Sources for this post include Kevin Haddick-Flynn’s “Orangeism: The Making of a Tradition”, a fine and colourful history of the Orange order, Seán Spellissey’s History of Galway, the Encyclopaedia of Ireland, plus my own visit to the battlefield. I’ll post a follow-up post next week after the Summer School finishes.
Posted by Monasette at July 7, 2004 11:59 PMI very much appreciate the account of the battle of Aughrim. My family is from Coxtown which is but a few miles from it all. I hope to visit the site when next in Ireland.
Posted by: Louis Mahern at July 8, 2004 05:35 PMThanks for the history lesson. Very well stated.

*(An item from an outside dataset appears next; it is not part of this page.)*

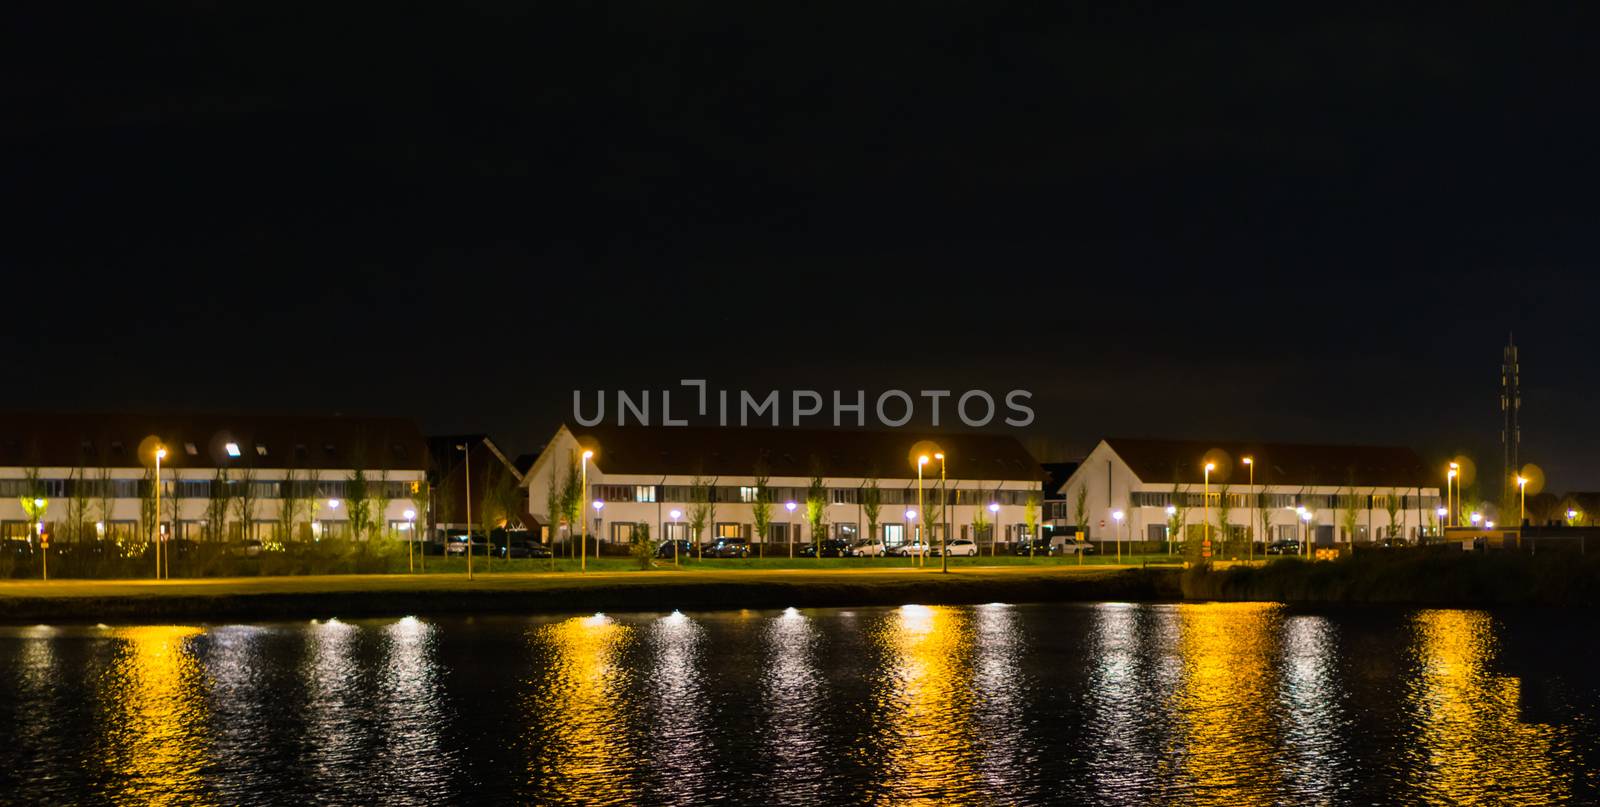 view from the water on houses and driving road at night time, dutch street view of landschapsbaan, the Meern, Utrecht the Netherlands by charlottebleijenberg

Posted by: P. Brady at July 9, 2004 06:23 PMJust to thank Julie Whitefield in the Interpretation Centre for a very informative talk when I was in Aughrim researching the story of the Byerley Turk, (horse) a little earlier this month. The information she gave was most useful. There was some other information she revealed about a farrier forebear, working as chirurgeon at the time, whom I would be grateful to find out more about,if she might be willing to drop me a line please.